Content starts

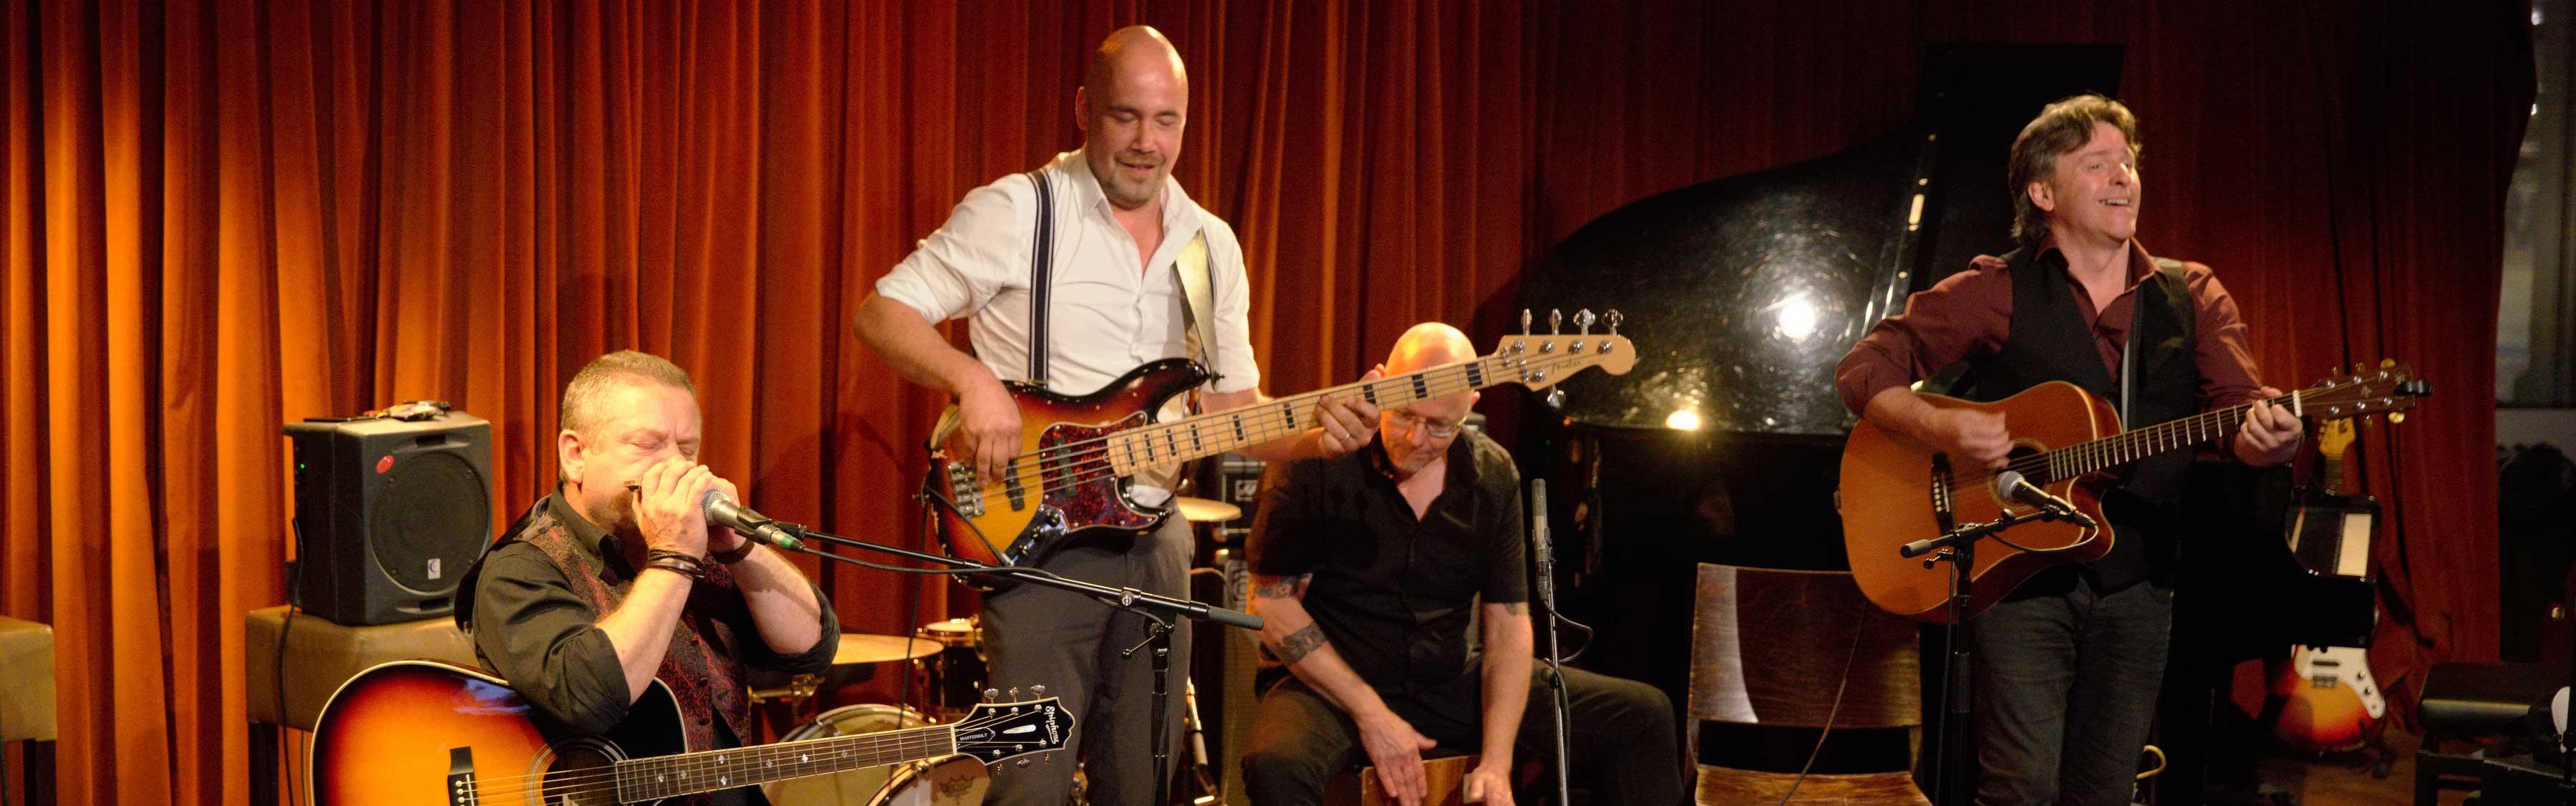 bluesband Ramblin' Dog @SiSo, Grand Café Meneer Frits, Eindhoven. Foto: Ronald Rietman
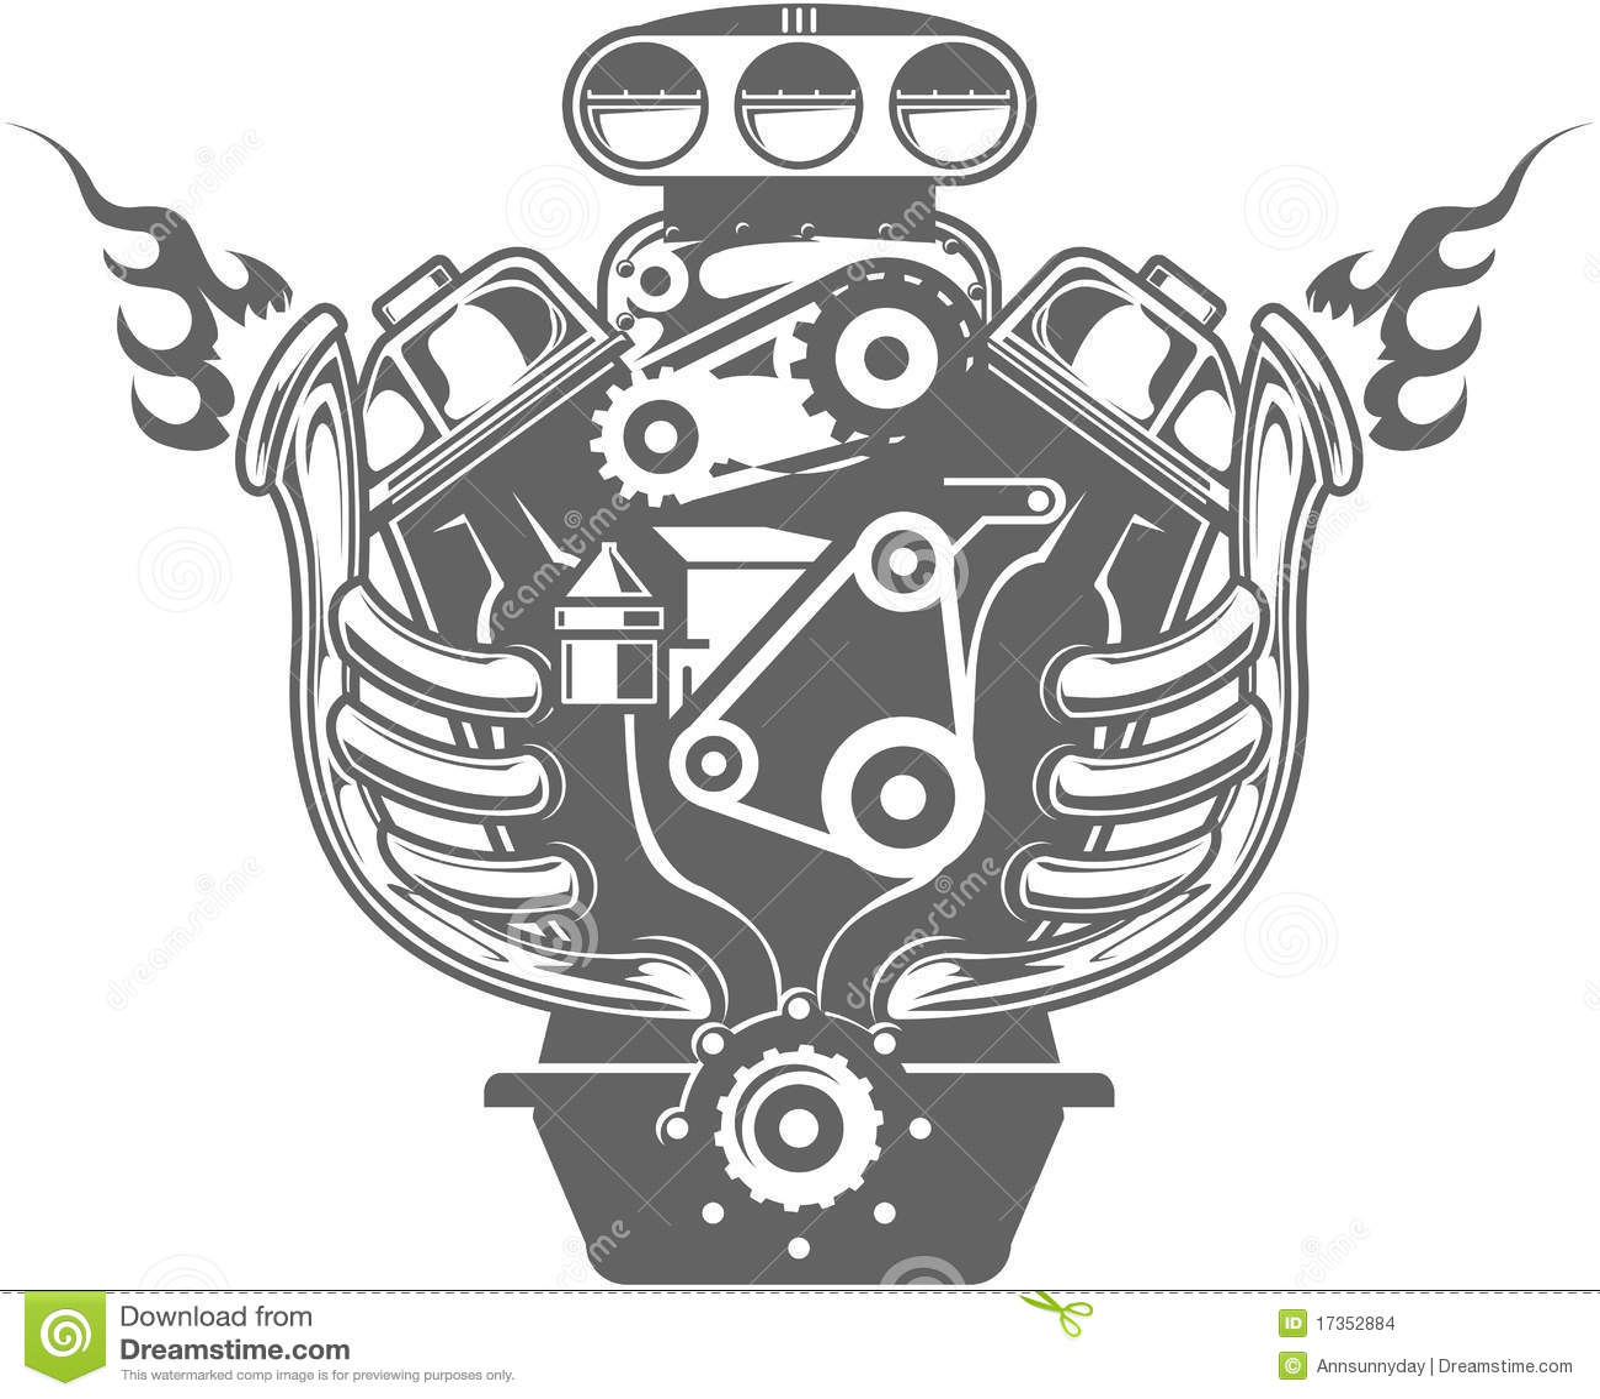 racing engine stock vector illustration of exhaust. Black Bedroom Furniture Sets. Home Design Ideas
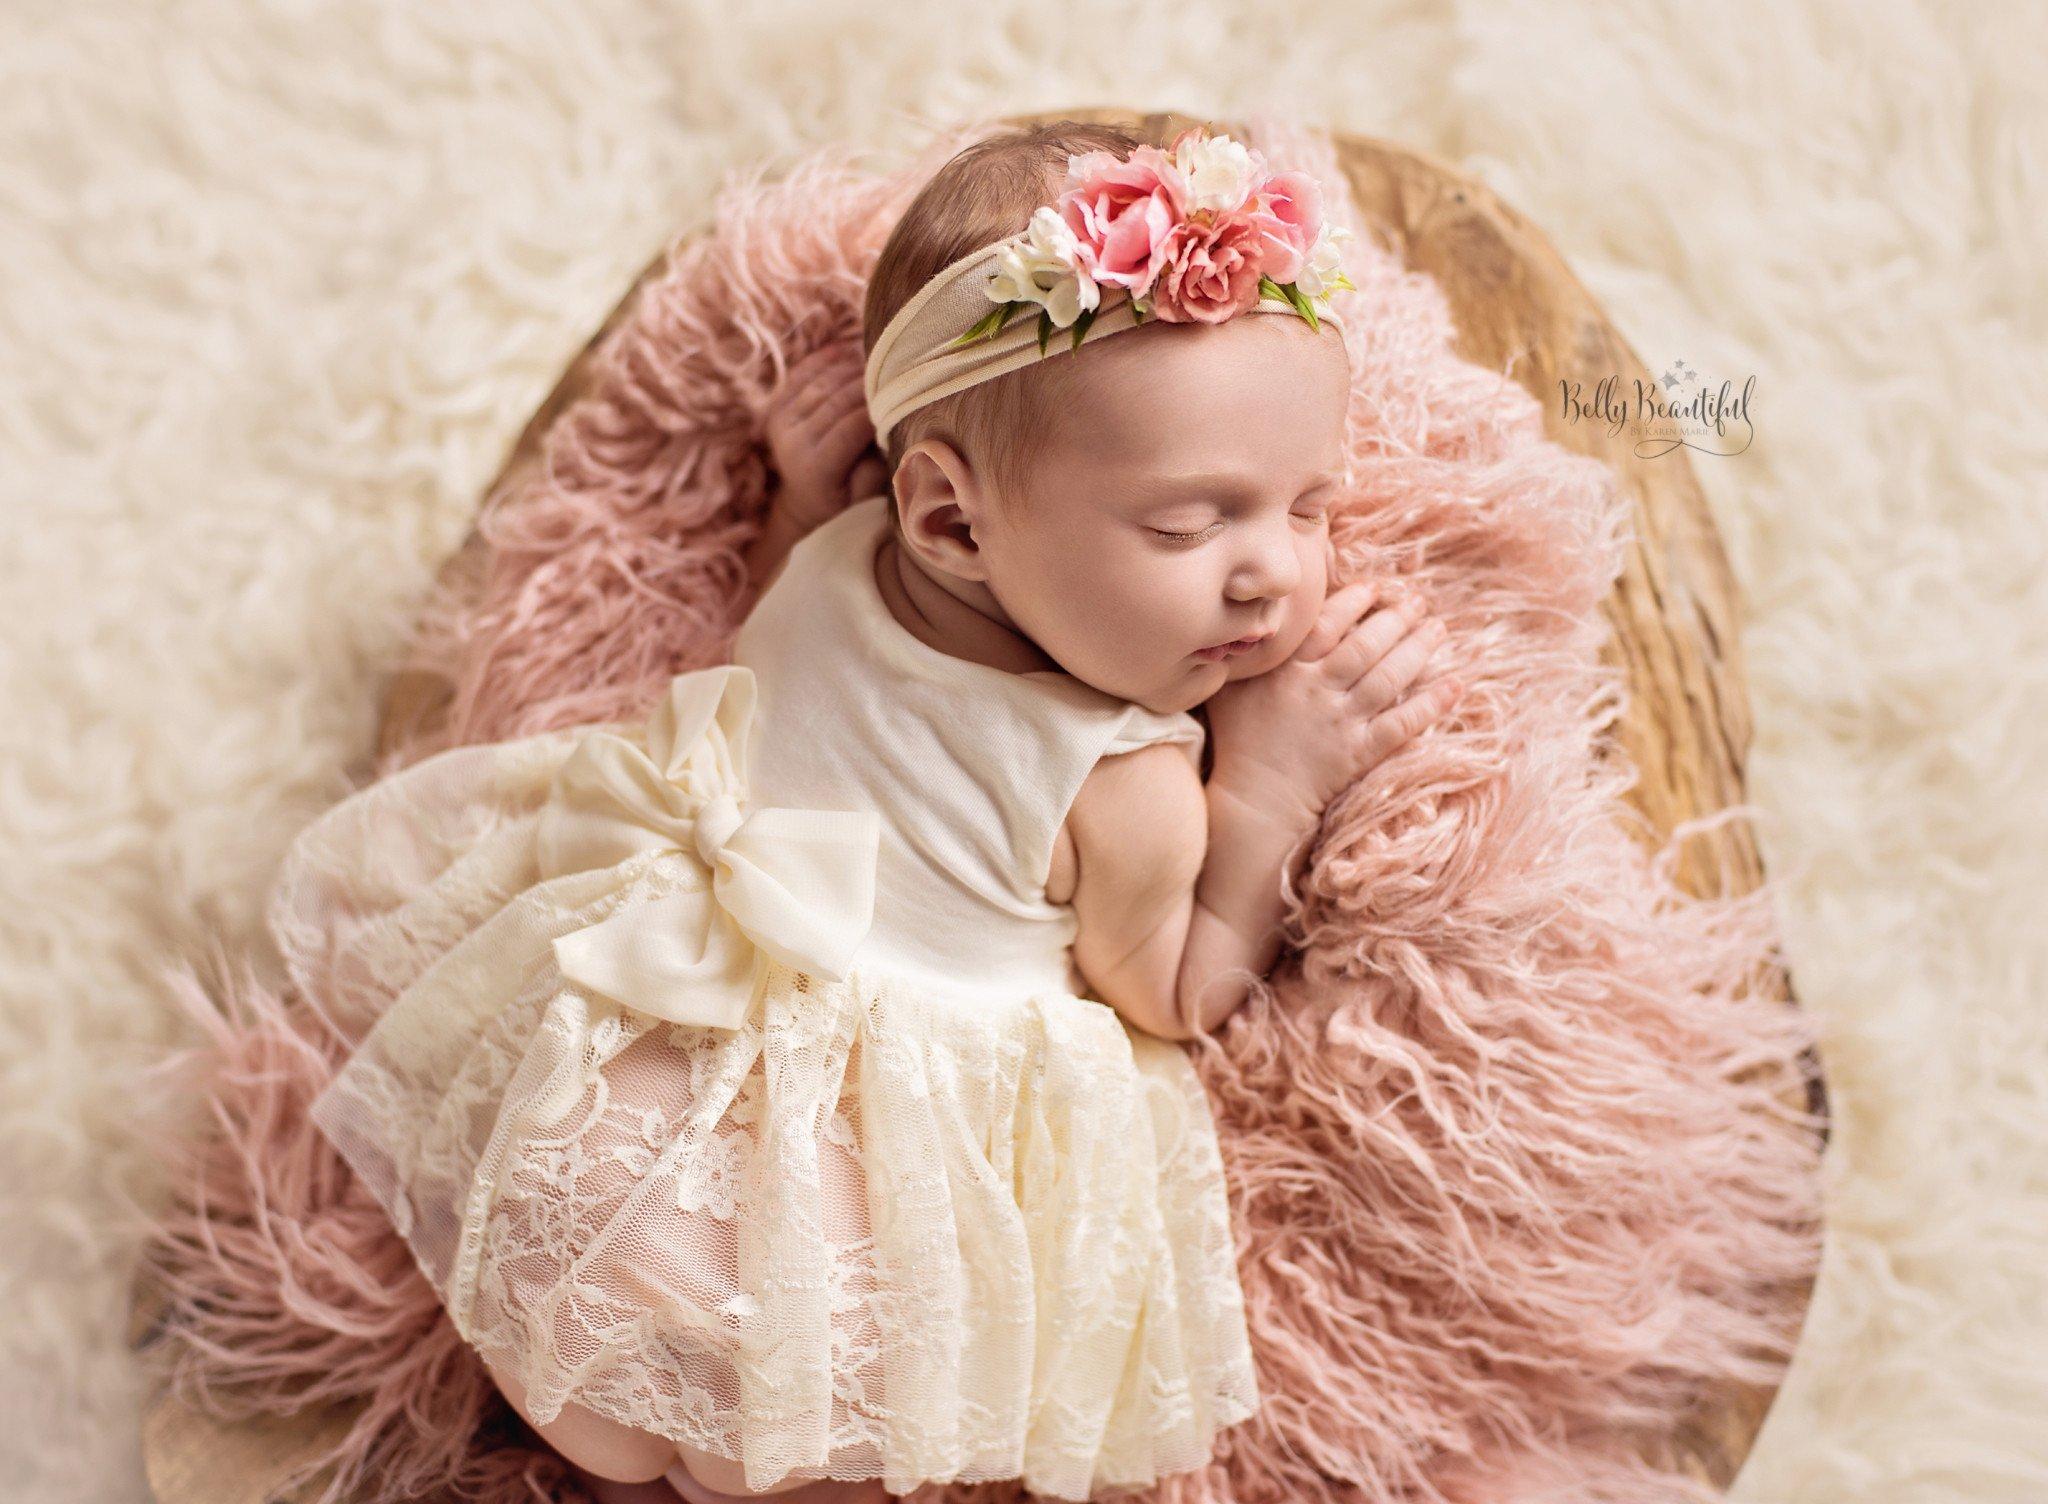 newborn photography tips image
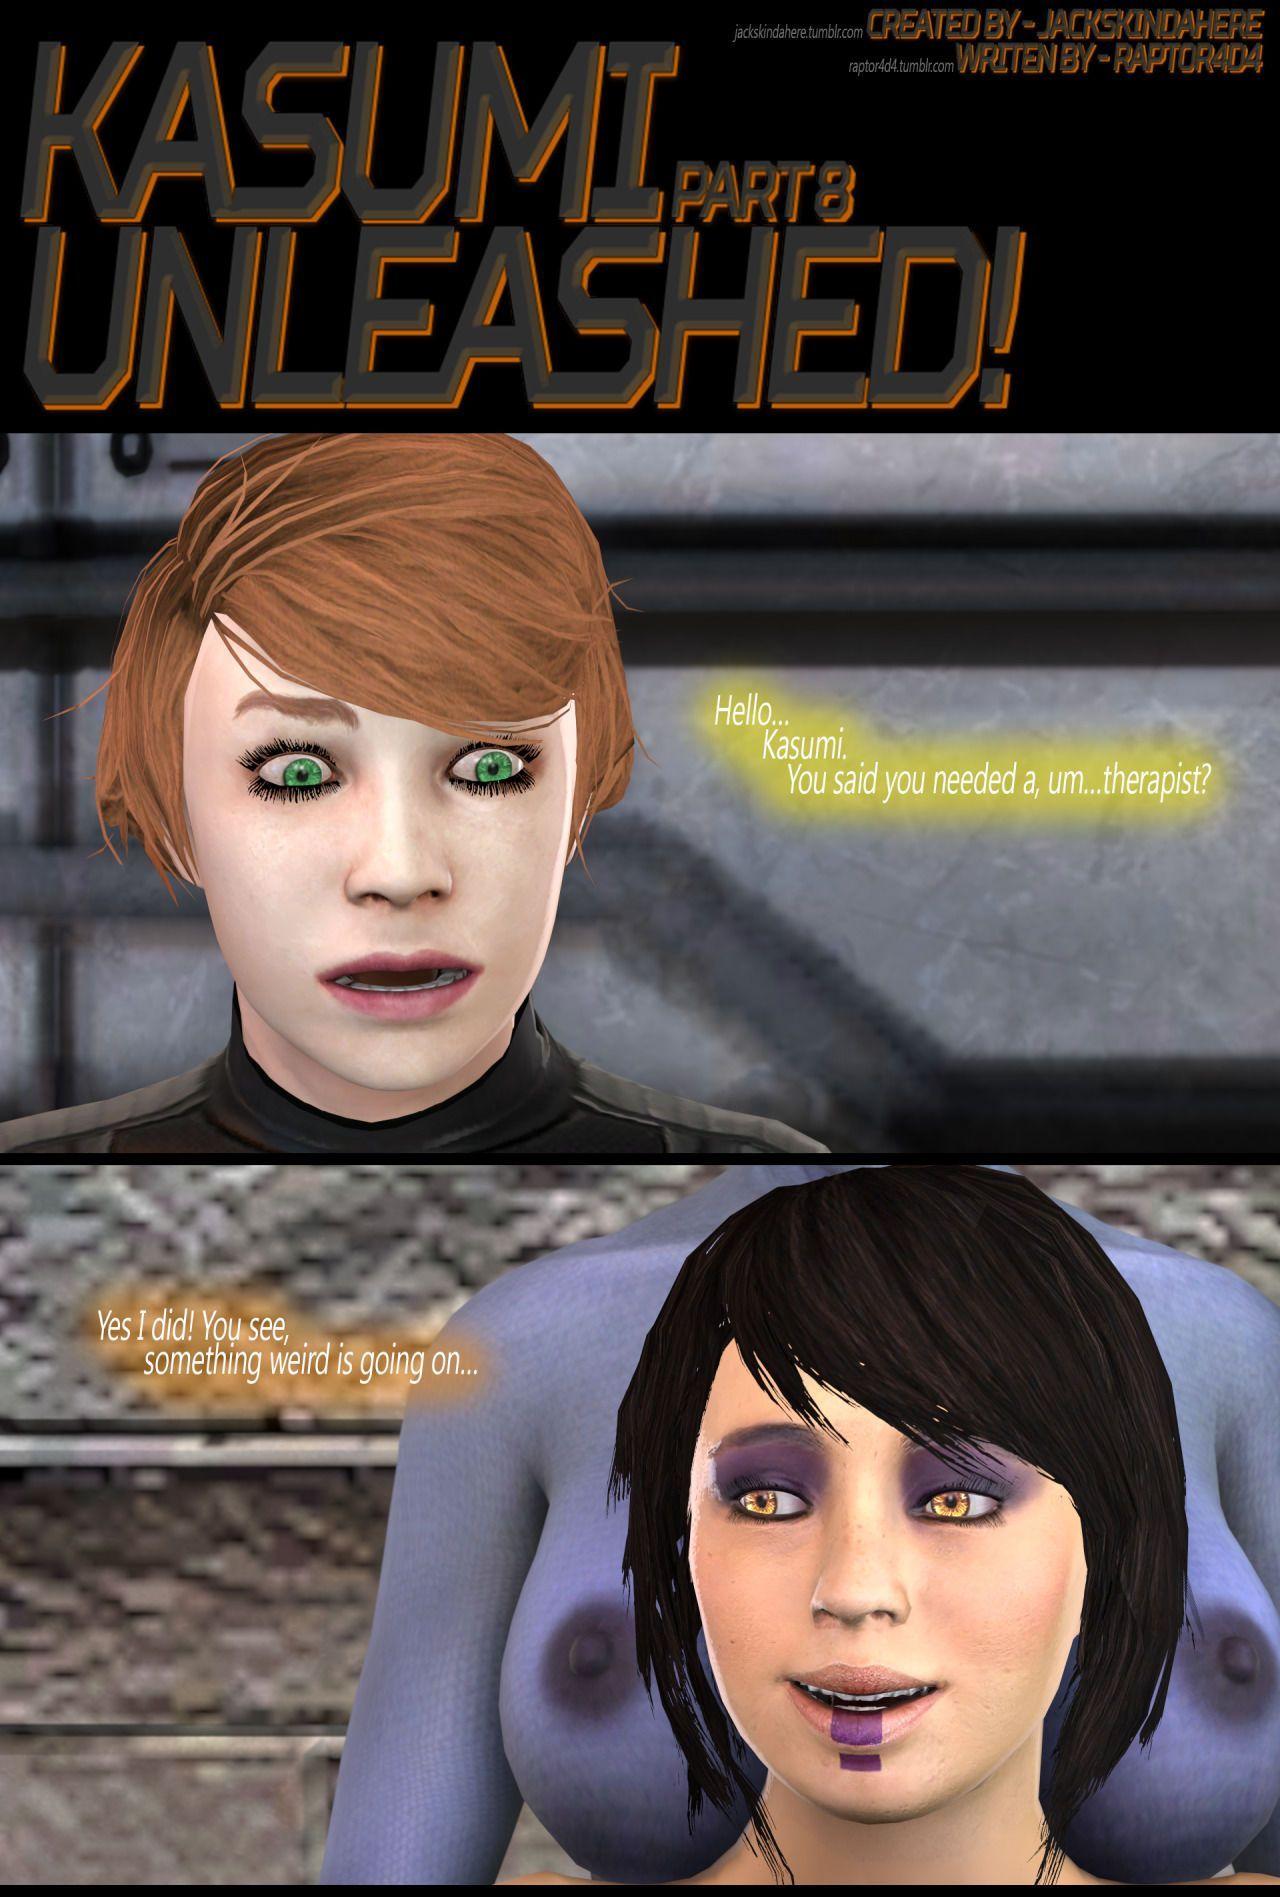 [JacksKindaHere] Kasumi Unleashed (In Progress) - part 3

Content ends

▶ **WHAT TO DO**: Retype the data word for word, please, and keep the images out.

▶ **FINISHED TASK**:
 bluesband Ramblin' Dog @SiSo, Grand Café Meneer Frits, Eindhoven. Foto: Ronald Rietman
 racing engine stock vector illustration of exhaust. Black Bedroom Furniture Sets. Home Design Ideas
 newborn photography tips image
 [JacksKindaHere] Kasumi Unleashed (In Progress) - part 3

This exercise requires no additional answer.